Hector se tourna vers ses apprentis. Son visage s'adoucit — un masque bienveillant plaqué sur la glace.
— Il est temps de partir. Nous rentrons à la maison.

Il tendit la main à Élise.
— Viens avec nous.

Elle cligna des yeux. Sa gorge se serra.
— Et... Shara ? balbutia-t-elle, la voix étranglée. On ne devrait pas la prévenir ? Mes affaires... elles sont encore là-bas...

Un bref silence. Puis Hector s'accroupit. Ses mains vinrent se poser sur ses épaules frêles. Son regard s'enfonça dans le sien, tranquille, presque tendre — mais glacé jusqu'au fond.
— Ne me dis pas que tu penses encore à elle... Elle ne t'apportera rien. Tu vaux mieux qu'elle. Tu mérites une famille.
Il esquissa un sourire presque triste.
— Des affaires... ça se rachète.

Élise baissa la tête. Les larmes brouillèrent sa vision.
— J'ai déjà une famille... murmura-t-elle, brisée.

Le masque d'Hector se fissura une seconde.

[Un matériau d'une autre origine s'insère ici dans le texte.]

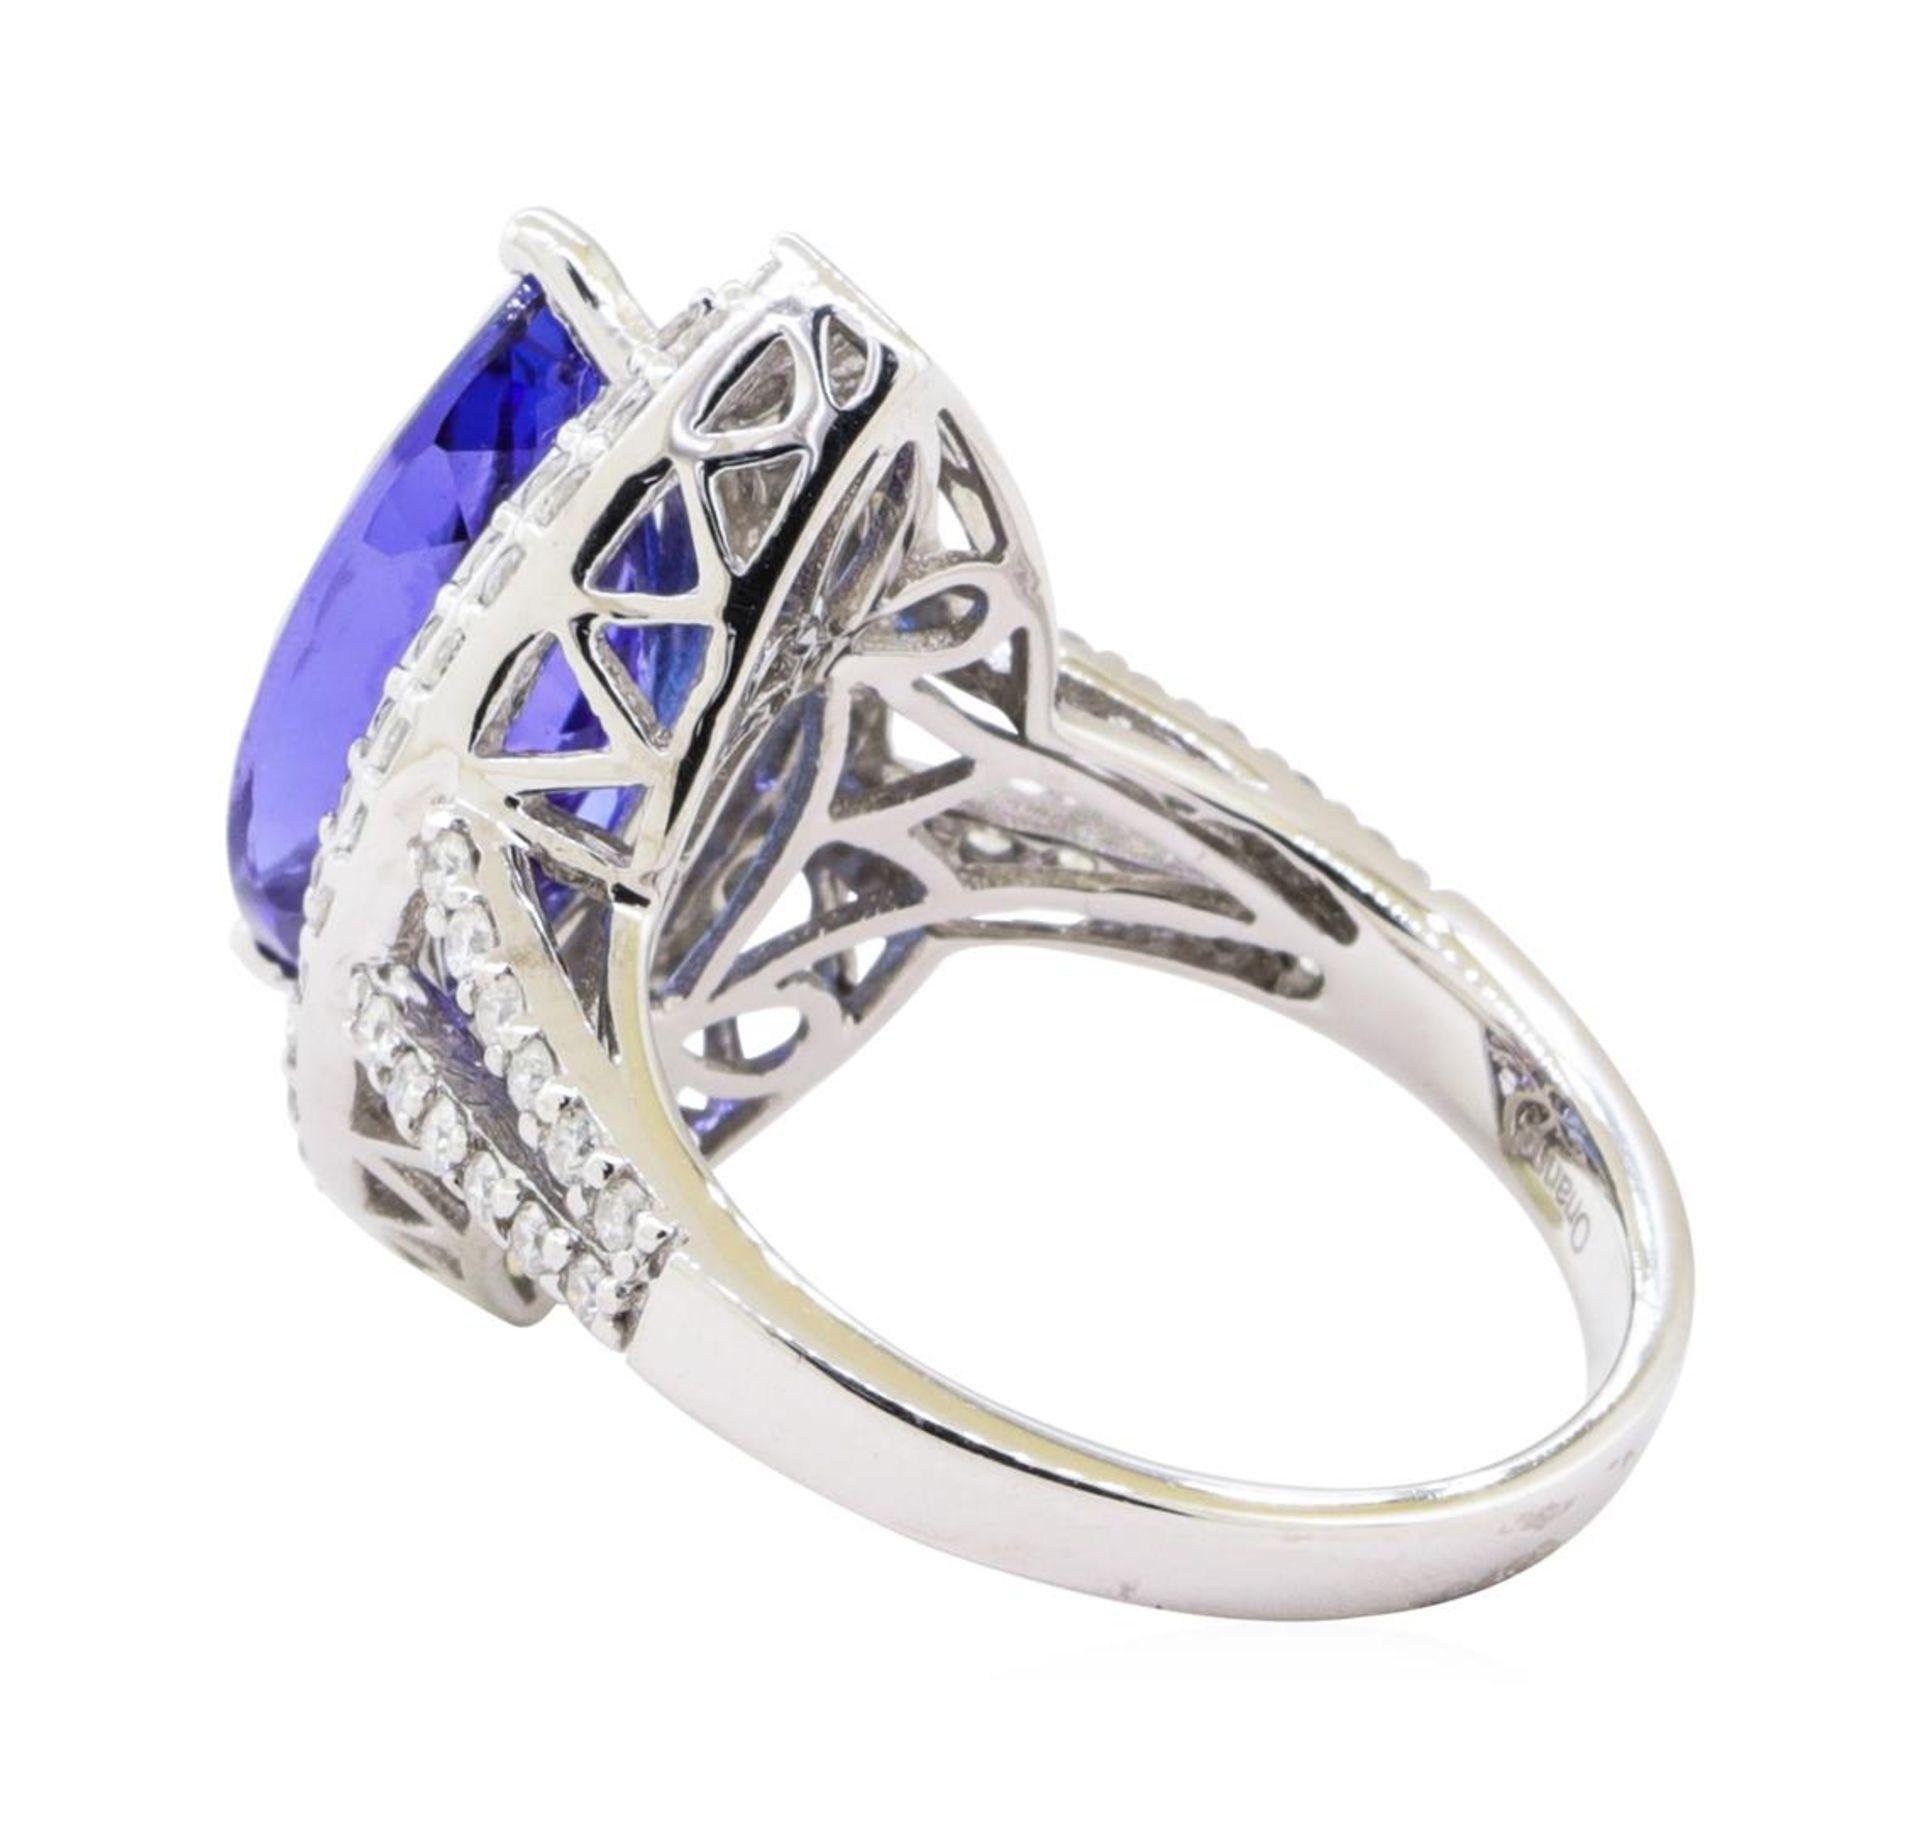 4.17ct Tanzanite and Diamond Ring - 14KT White Gold - Image 3 of 4

Ses mains glissèrent, presque avec dépit.
— Alors reste. Regarde-la brûler dans son incompétence... Quel gâchis... souffla-t-il, si bas qu'elle faillit croire avoir rêvé ses mots.

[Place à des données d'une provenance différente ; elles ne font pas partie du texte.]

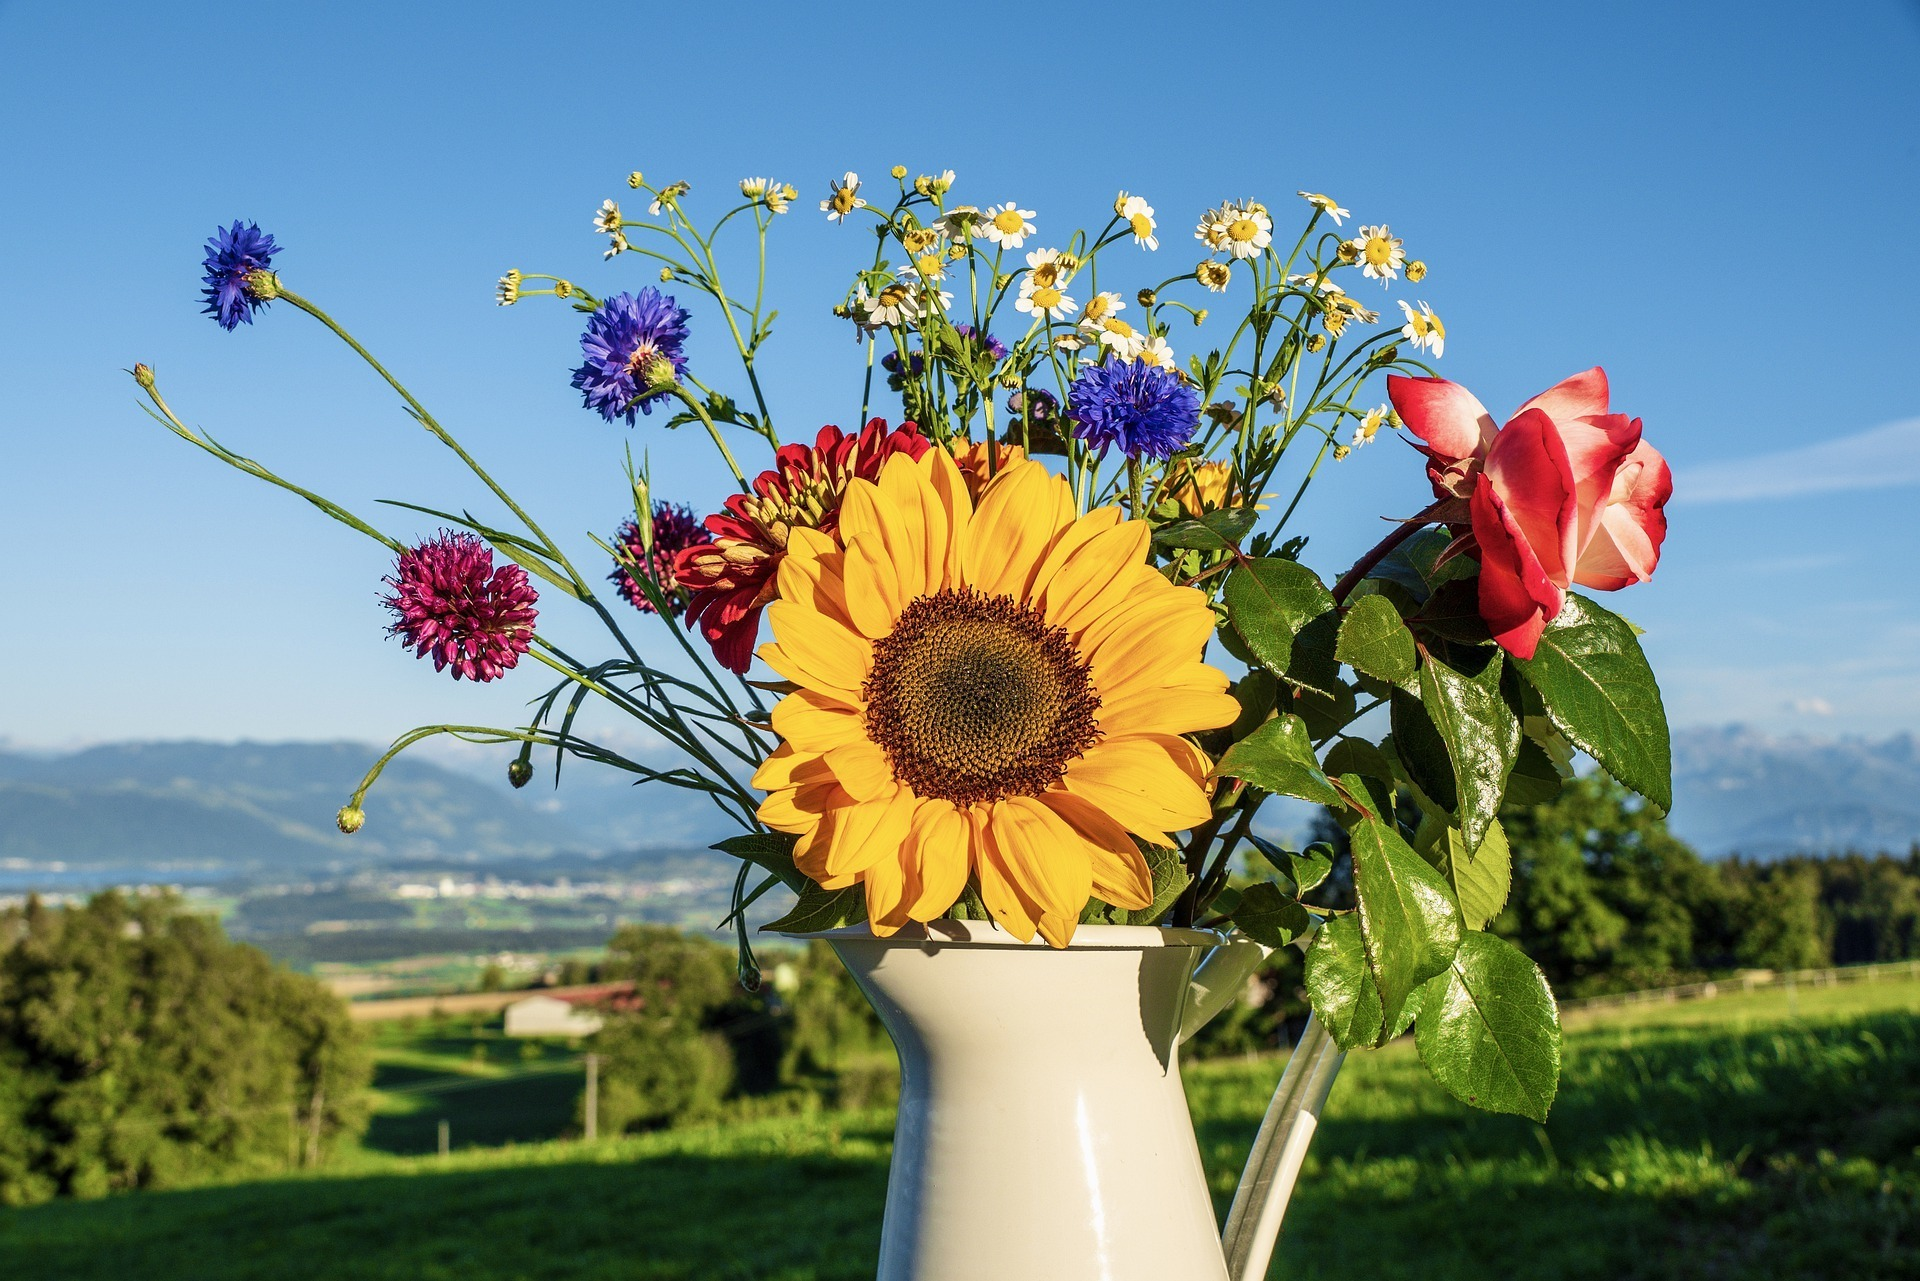 bouquet-of-flowers-5391136_1920

Il se redressa, tourna les talons. Fabius suivit sans un mot. Mais, au moment de partir, son regard croisa celui d'Élise. Et dans ses yeux, il y avait autre chose. Une ombre. De la colère ? De la pitié ? Ou les deux ?

Les deux silhouettes s'éloignèrent, avalées par les ombres des troncs.

Élise resta seule. Figée. Les poings serrés, la rage cognant à ses tempes. Elle frappa la terre. Un cri muet se déchira dans sa gorge. Puis... elle courut. Courut pour les rattraper.

Juste avant de franchir la lisière, elle se retourna.
Le ciel derrière elle flambait. Le camp se noyait dans la fumée.
Et, dans ce dernier regard, elle sut. Elle venait de trahir Shara.

La tente s'ouvrit à la volée, laissant entrer un homme couvert de boue et de sang.
Le capitaine. Essoufflé. Les yeux fous.

— Par les Cendres, il faut... il faut que vous veniez ! Ils ont lâché un mage de guerre !

Il l'agrippa au bras comme un noyé agrippe une planche.
— Sans vous, on est morts ! Vous êtes la seule...

— Un mage de guerre... ?! Élise !

Mais le sol vibra avant qu'elle ne termine. Une onde sourde traversa le camp. Les cris s'éteignirent d'un coup. Plus une voix, plus un râle, même le vent s'était tu. Le monde entier s'était figé dans un silence monstrueux.

Une lueur ardente gonflait dans l'air, se rapprochant de la tente. La chaleur faisait trembler la toile comme un souffle d'enfer.

Shara sentit ses tripes se contracter. Elle avait presque fini de préparer ses affaires. Une minute de plus, et elle disparaissait dans la forêt, loin de cette guerre, loin d'Hector, loin de tout.
Au diable Élise. Au diable ce camp. Il fallait fuir — mais il était trop tard.

La lumière approchait. Une boule de feu, énorme, avalant tout sur son passage.
Pas un battement d'ailes. Pas un cri. Juste... le vide.

Shara resserra la lanière de son sac, les doigts tremblants. Puis son autre main chercha une grenade. Le métal vibrait déjà, impatient, dans sa paume.

Elle tira la goupille. Une étincelle jaillit, minuscule dans ce néant étouffé.
Elle ferma les yeux.

La grenade éclata.

Un nuage noir de ferraille et de flammes dévora la tente. Les chairs se déchirèrent, les os éclatèrent, la douleur transperça chaque fibre de son être. Et Shara, au cœur du brasier, sut qu'elle les avait tués tous avant que la boule de feu n'arrive.

Une seconde. Une fraction. Mais dans cette seconde brûlait toute l'éternité.